By John Filar Atwood
The SEC has approved the NYSE’s proposed change to its listing rules that will allow companies that have not completed an underwritten IPO to be traded on the exchange. Listing will be at the NYSE’s discretion, and will be subject to the company providing evidence that the value of its publicly held shares is at least $250 million.
Prior to the rule change, the NYSE generally expected companies to list in connection with a firm commitment underwritten IPO, upon transfer from another market, or pursuant to a spin-off. However, the rules did acknowledge that companies that have not previously had their common shares registered under the Exchange Act, but which have sold them in a private placement, may wish to list their shares on the NYSE at the time of effectiveness of a registration statement covering a resale of the shares. Under the rule change, the NYSE will now have the discretion to list companies under these circumstances.
Valuation requirements. The NYSE requires companies that list on the exchange to have publicly-held shares valued at either $40 million or $100 million, depending on the type of listing. Companies wanting to take advantage of the new rules also will have to meet specified valuation requirements.
In the absence of any recent trading in a private placement market, the NYSE will determine that a company has met its market value of publicly-held shares requirement if the company provides a recent valuation evidencing a market value of publicly-held shares of at least $250 million. The rule change accommodates companies that are large enough to be suitable for listing on the exchange, but either do not have their securities traded on a private placement market or have a limited private placement market that does not provide a reasonable basis for reaching a valuation.
The SEC agreed with the NYSE’s conclusion that adopting a valuation requirement that is at least two-and-a-half times the existing $100 million requirement will provide a degree of comfort that the market value of the company’s shares will meet the NYSE’s standards. The SEC noted that the valuation must be provided by an entity that has significant experience in providing such valuations.
Independence of valuation agent. The rule change establishes certain criteria that precludes a valuation agent from being considered “independent.” An agent will not be deemed to be independent if: (1) at the time it provides the valuation, the valuation agent or any affiliated person beneficially owns more than 5 percent of the class of securities to be listed, including any right to receive any such securities exercisable within 60 days; (2) the valuation agent or any affiliated entity has provided any investment banking services to the listing applicant within the 12 months preceding the date of the valuation; or (3) the valuation agent or any affiliated entity has been engaged to provide investment banking services to the listing applicant in connection with the proposed listing or any related financings or other related transactions.
The rule change also addresses how a designated market maker should establish the reference price in connection with the opening on the first day of a trading of the shares of a company taking advantage of the rule change. If the shares have a sustained trading history on a private placement market, the price will be the most recent transaction in that market. If not, the designated market maker will have to consult with a financial adviser to the issuer.

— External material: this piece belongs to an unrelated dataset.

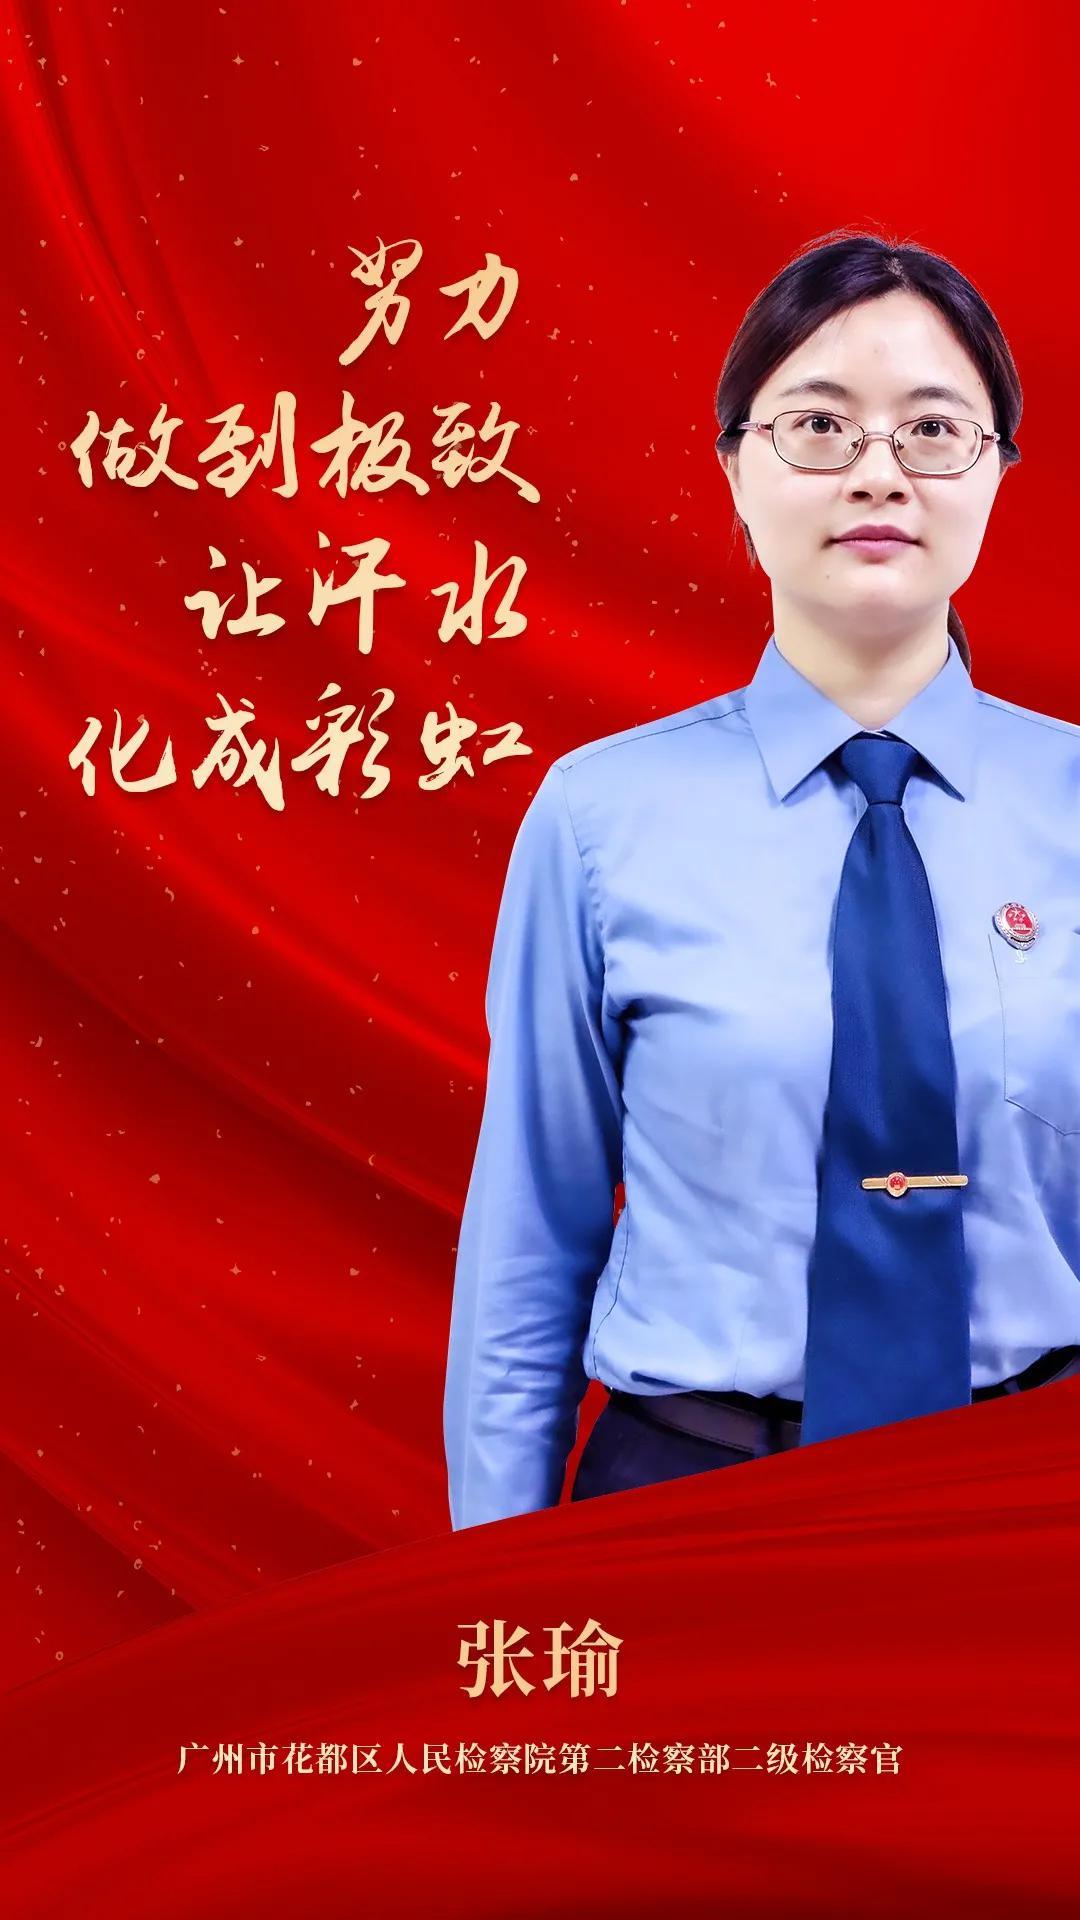 广州市花都区人民检察院张瑜:努力做到极致,让汗水化成彩虹

Regulatory halt. Finally, the rule change permits the NYSE to declare a regulatory halt in certain securities that are the subject of an initial pricing on the exchange and have not been listed on an exchange or quoted in an over-the-counter quotation medium immediately prior thereto. The regulatory halt is for the limited purpose of precluding other markets from trading a security until the NYSE has completed the initial pricing process. The SEC believes this proposed change will facilitate the initial opening by the designated market maker of certain securities not listed in connection with an underwritten IPO, and thereby promote fair and orderly markets and the protection of investors.